Bret Stephens / New York Times

“For years, the Trump administration’s peacemaking efforts in the Middle East have been the object of relentless derision in elite foreign-policy circles, some of it justified. Yet with Friday’s announcement that Bahrain would join the United Arab Emirates as the second Arab state in 30 days to normalize ties with Israel, the administration has done more for regional peace than most of its predecessors, including an Obama administration that tried hard and failed badly.

“There are lessons in this, at least for anyone prepared to consider just how wrong a half-century’s worth of conventional wisdom has been.

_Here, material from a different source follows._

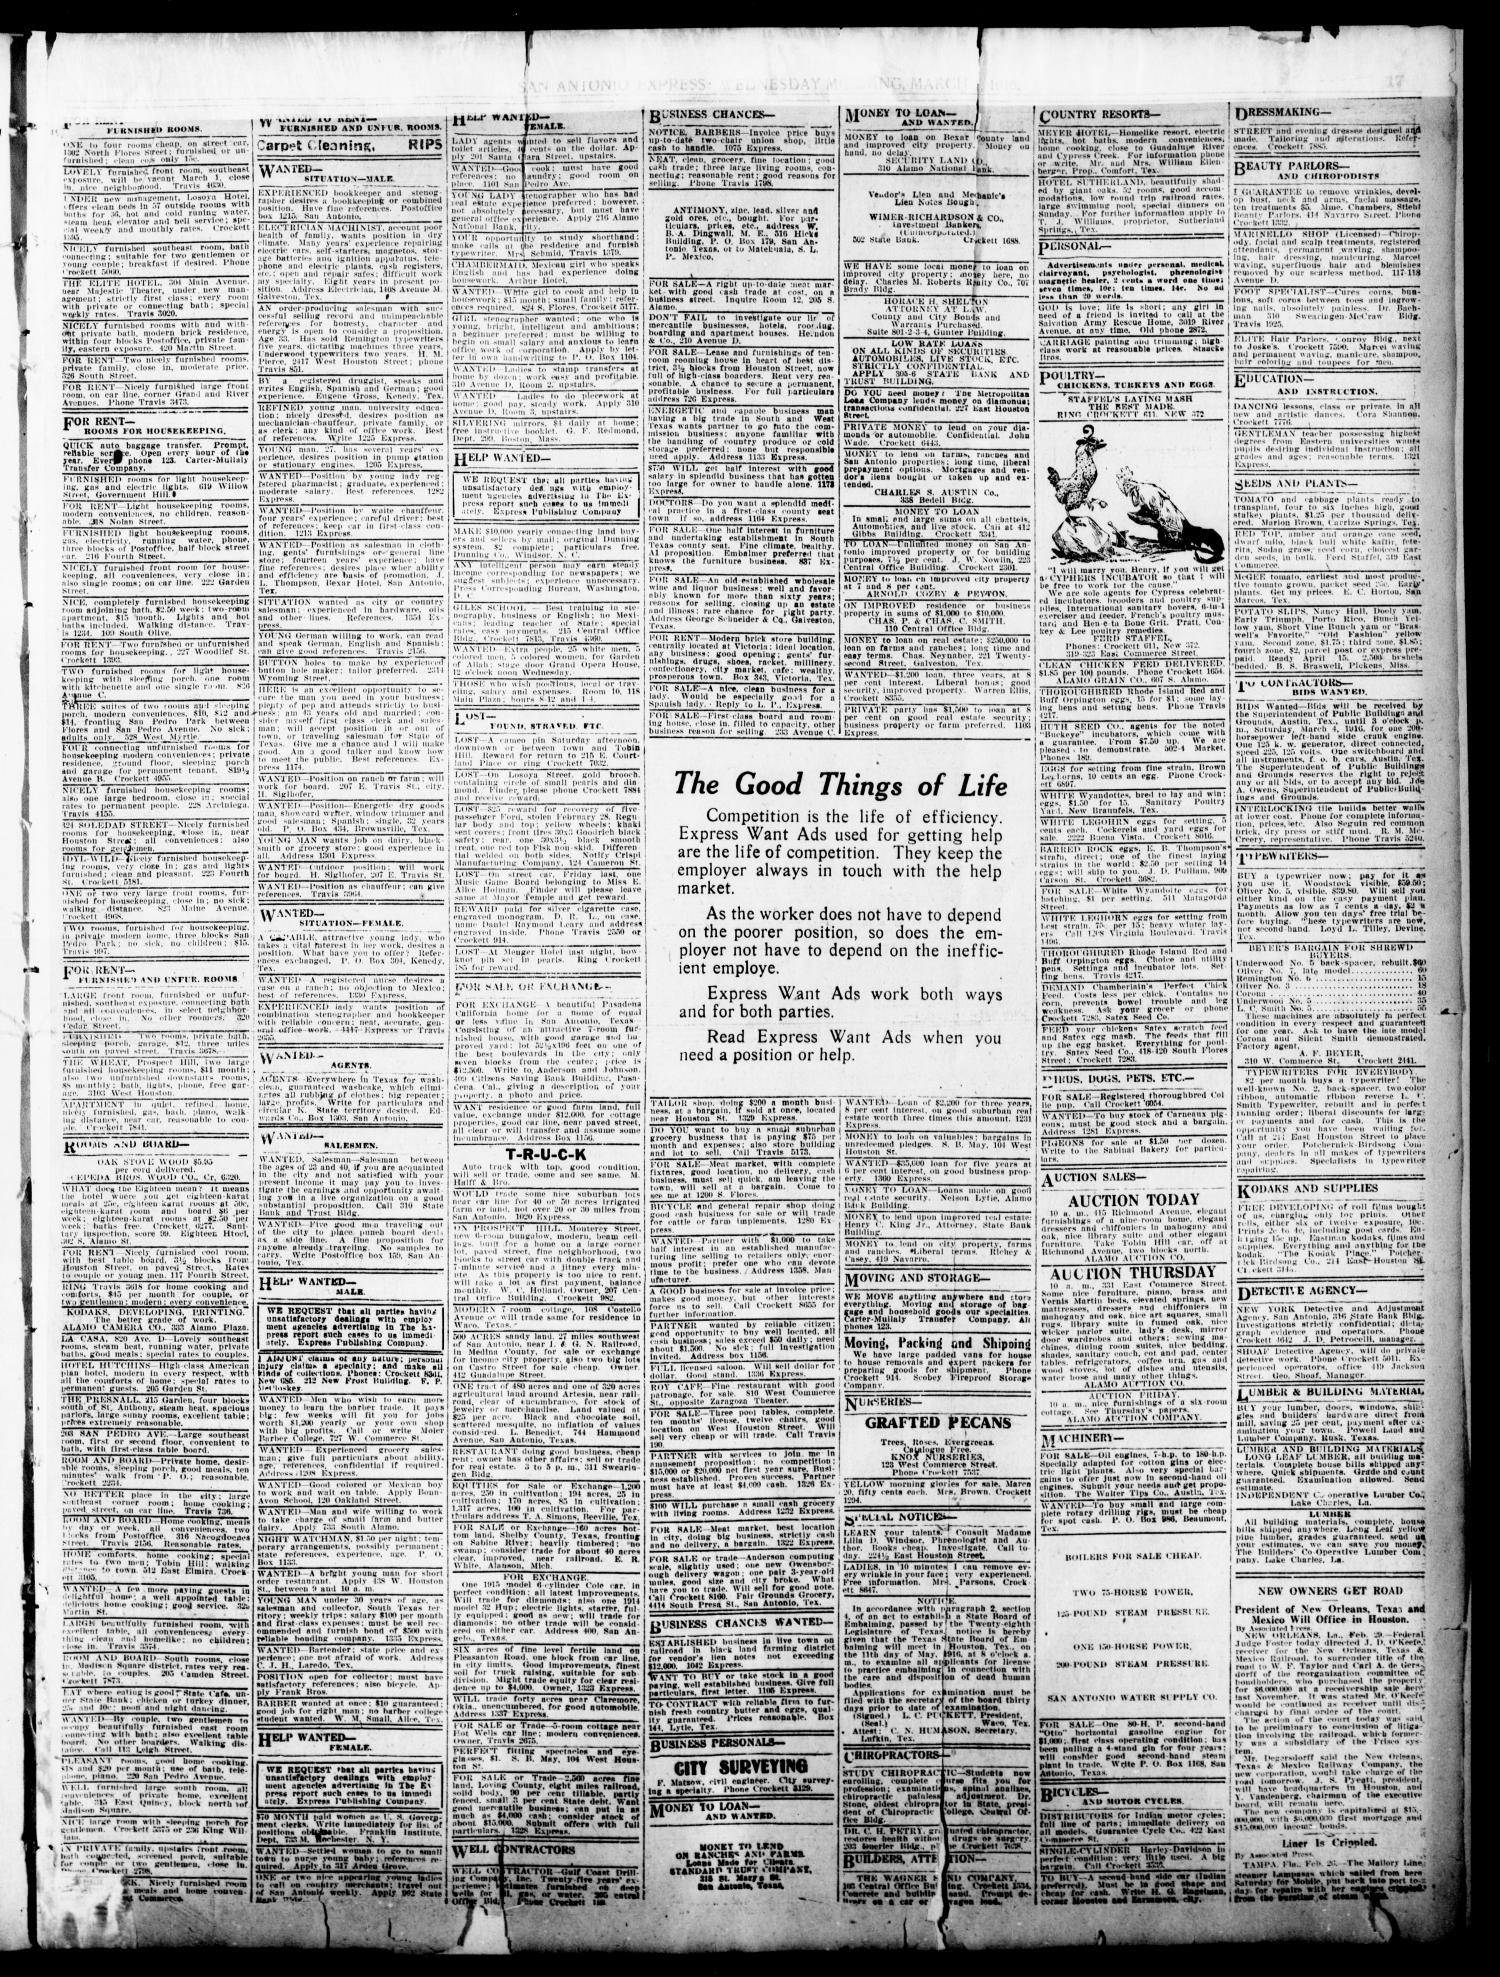 San Antonio Express  (San Antonio, Tex ), Vol  51, No  61, Ed  1

“At the heart of that conventional wisdom is the view, succinctly put by UN Secretary General Antonio Guterres in February, that ‘resolving the Israeli-Palestinian conflict remains key to sustainable peace in the Middle East.’  Untie that Gordian knot, so the thinking goes, and the region’s many problems become easier to solve, whether it’s other regional conflicts or the anti-Americanism that feeds international terrorism.

“That thinking was always dubious – what, for instance, did the Iran-Iraq War, in which a million people or more died, have to do with Israelis and Palestinians? – though it had the convenience of giving Arab regimes a good way of deflecting blame for their own bad governance. But since the (misnamed) Arab Spring began nearly a decade ago, the view has become absurd.

“The rise and fall of ISIS, civil war in Syria and anarchy in Libya, Turkey’s aggression against the Kurds, proxy battles and hunger in Yemen, political turmoil and repression in Egypt and Iran, the bankruptcy of the Lebanese state, the plight of Middle Eastern refugees – if any of these catastrophes have something in common, it’s that they have next to nothing to do with the Jewish state or its policies.  One may still hope for a Palestinian state, but it won’t save the region from itself.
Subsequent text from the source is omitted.